> **What is being asked**
From the first line to the last, please reproduce the material exactly, skipping the pictures.

> **Information provided**
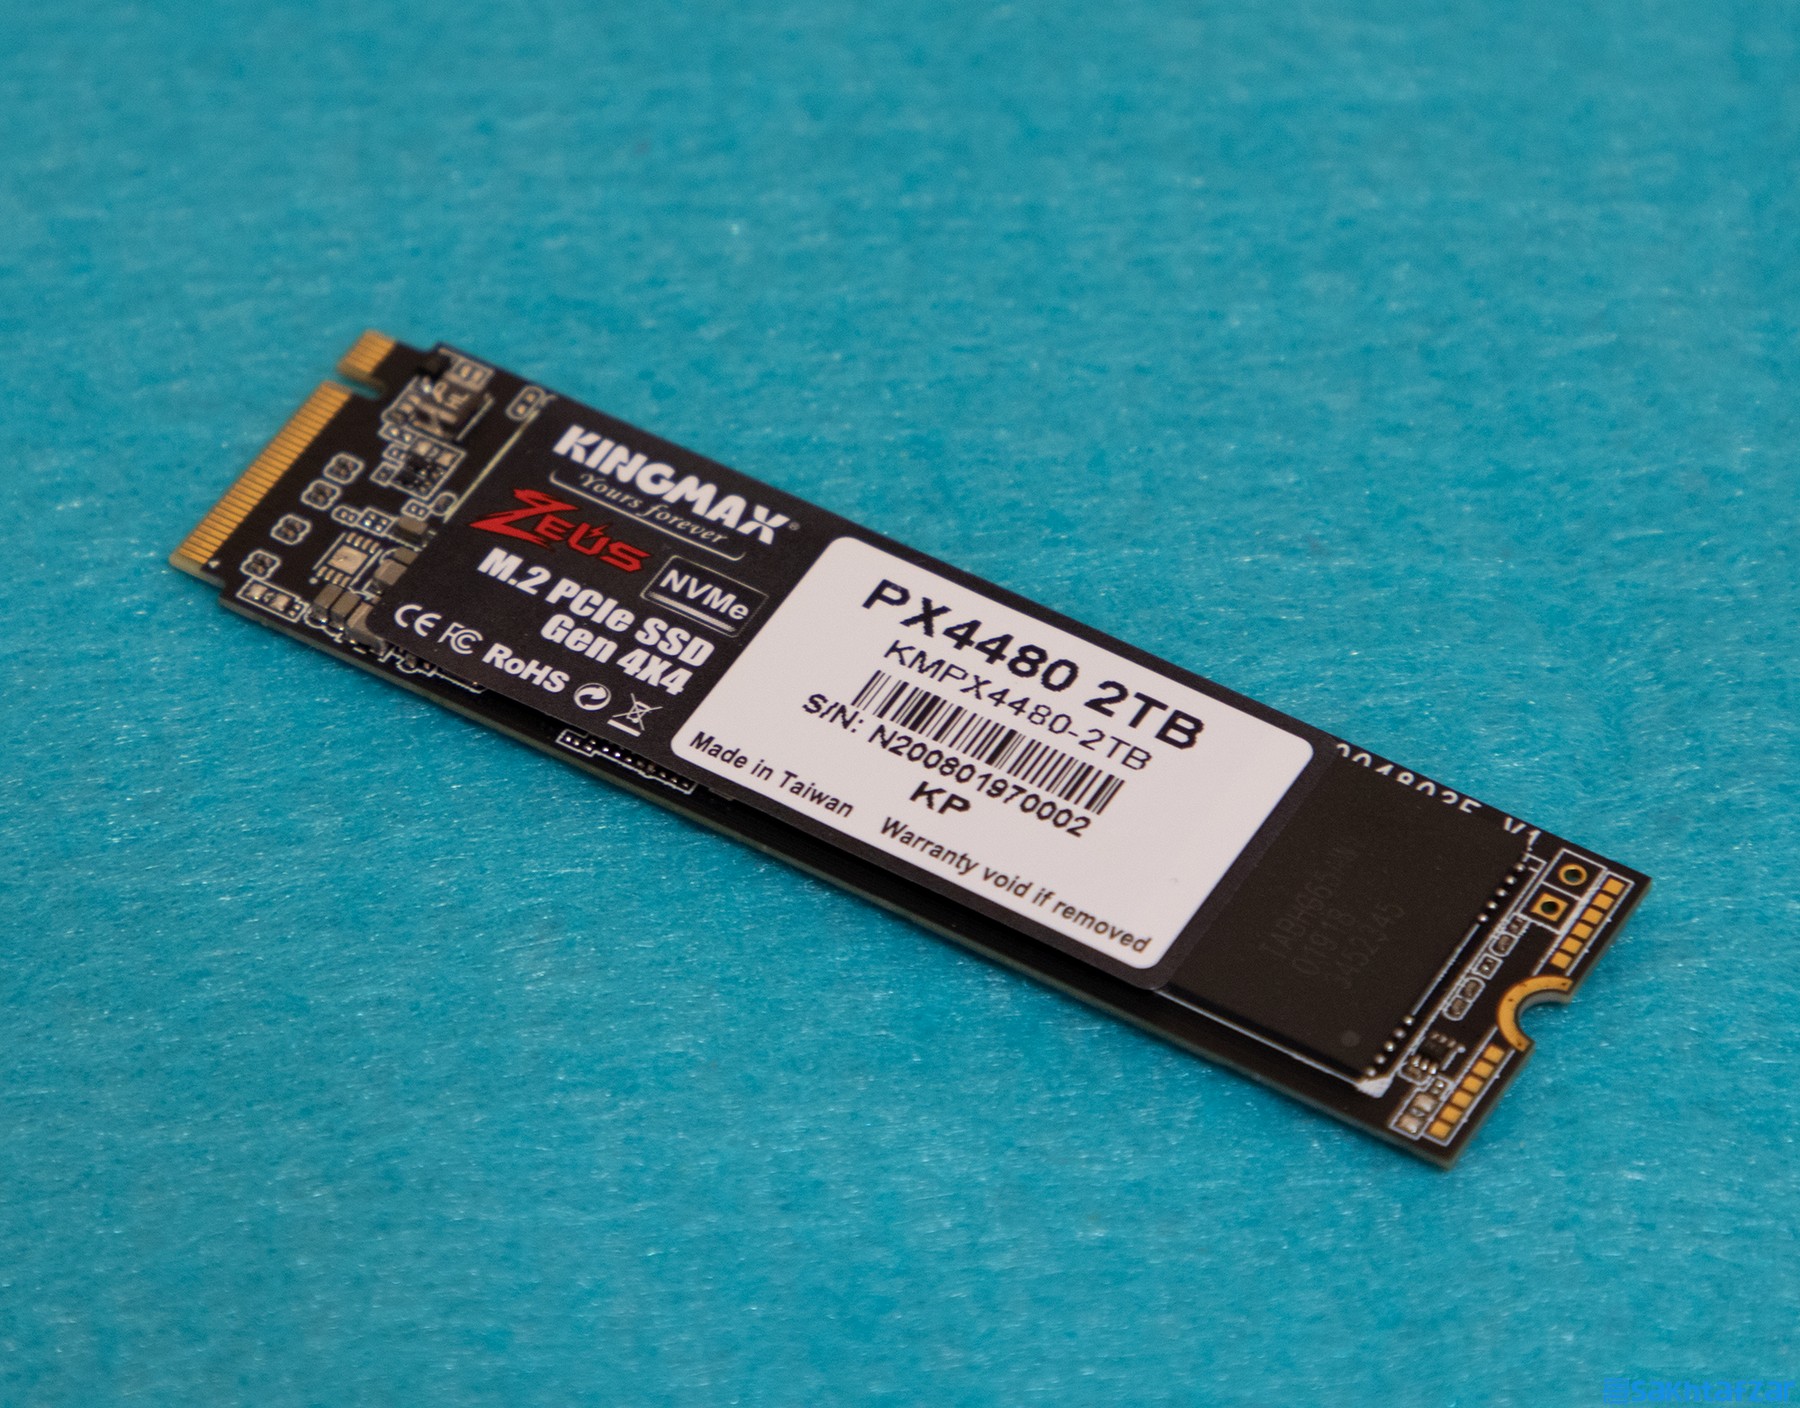 بررسی اس اس دی KINGMAX ZEUS PX4480 2TB PCIe Gen.4 x4
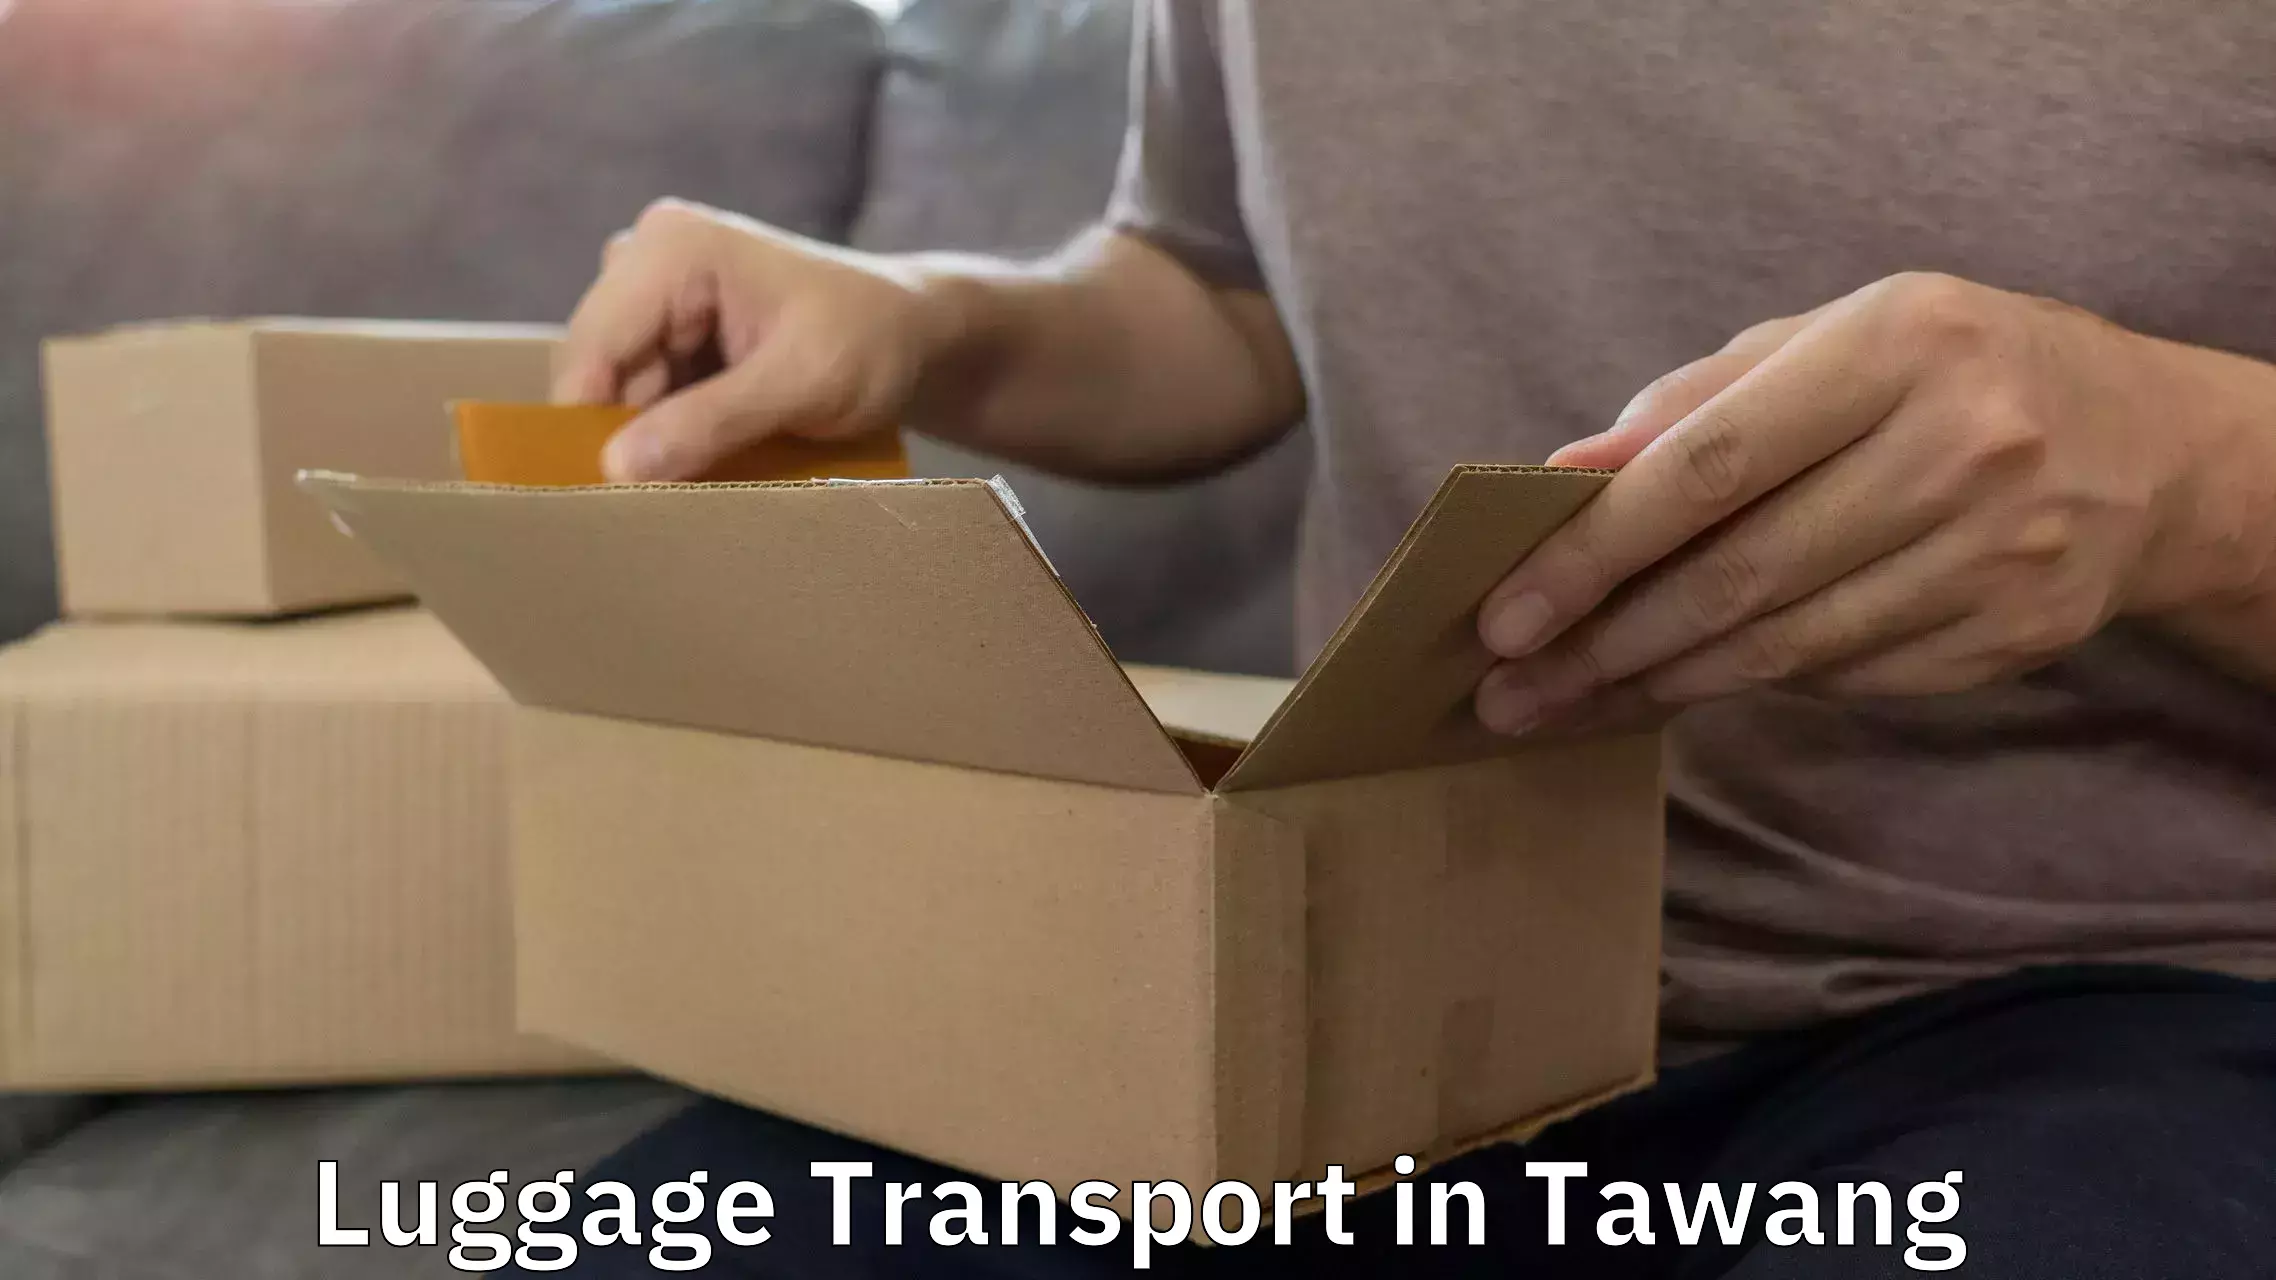 Efficient baggage transport in Tawang
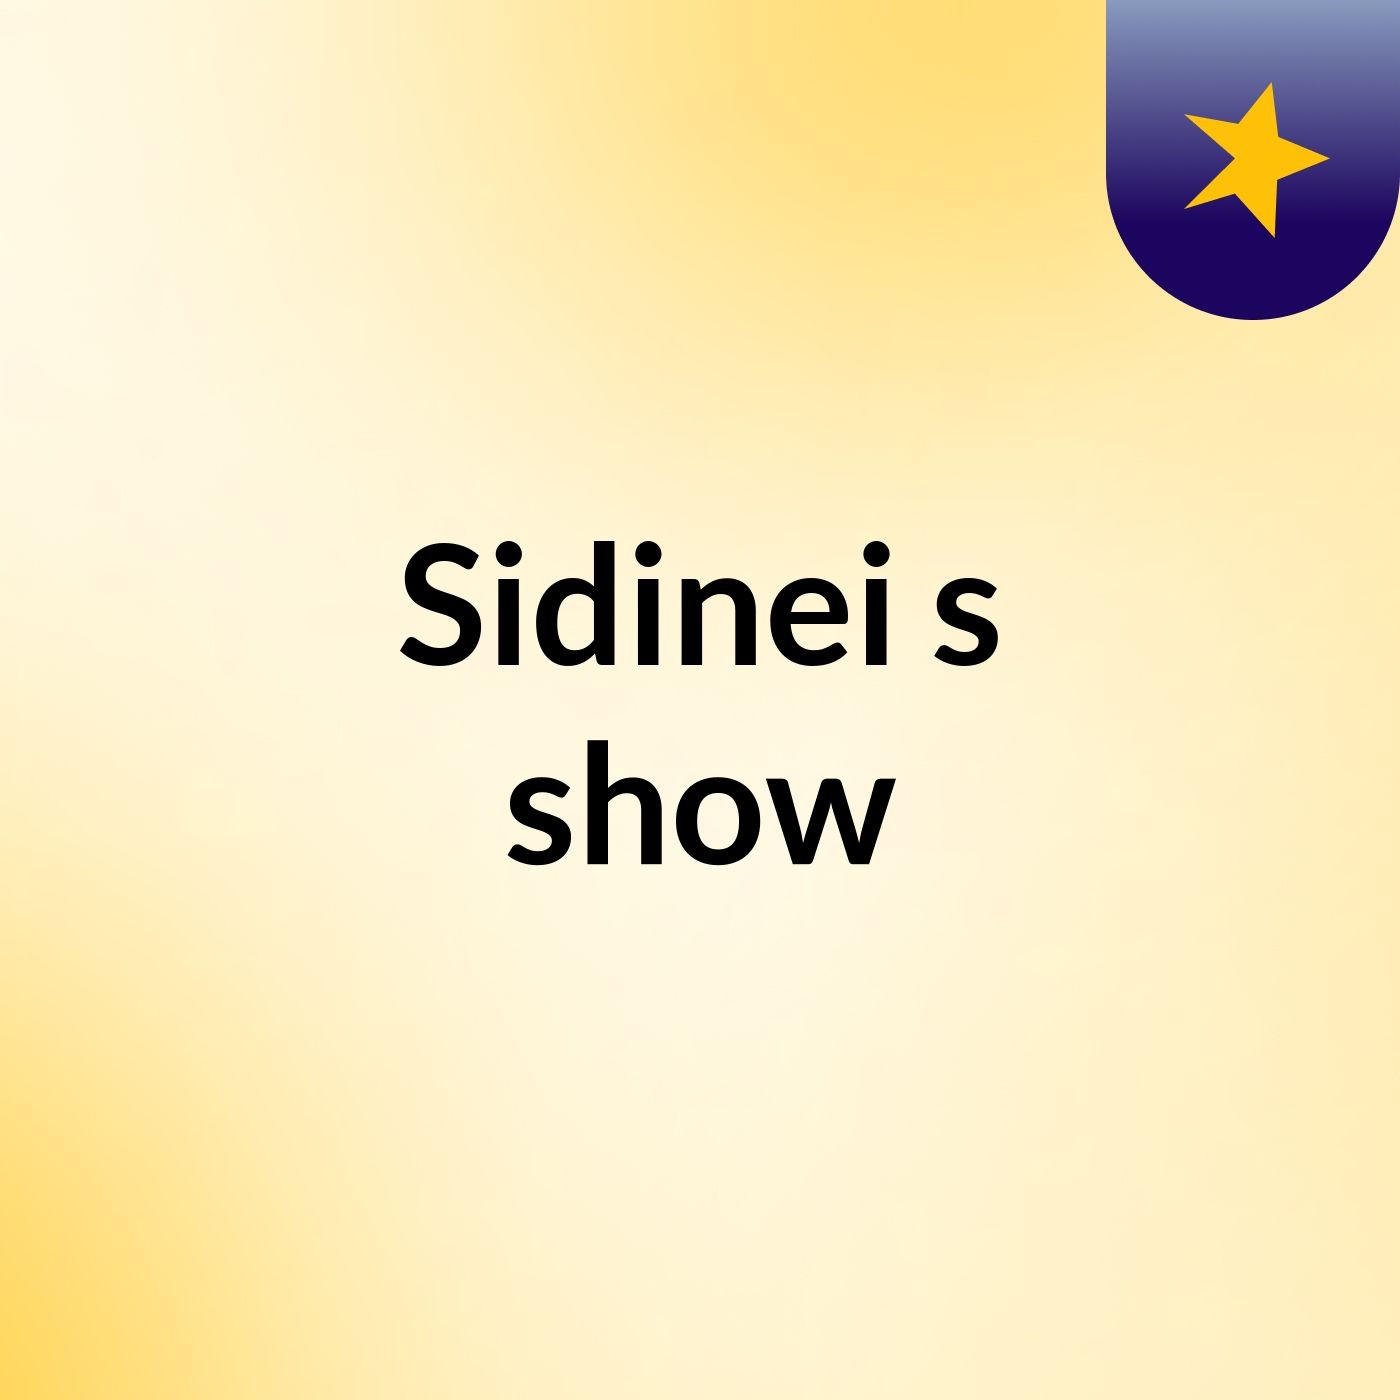 Sidinei's show

> **Solution for this task**
 بررسی اس اس دی KINGMAX ZEUS PX4480 2TB PCIe Gen.4 x4
 Efficient baggage transport in Tawang
 Sidinei's show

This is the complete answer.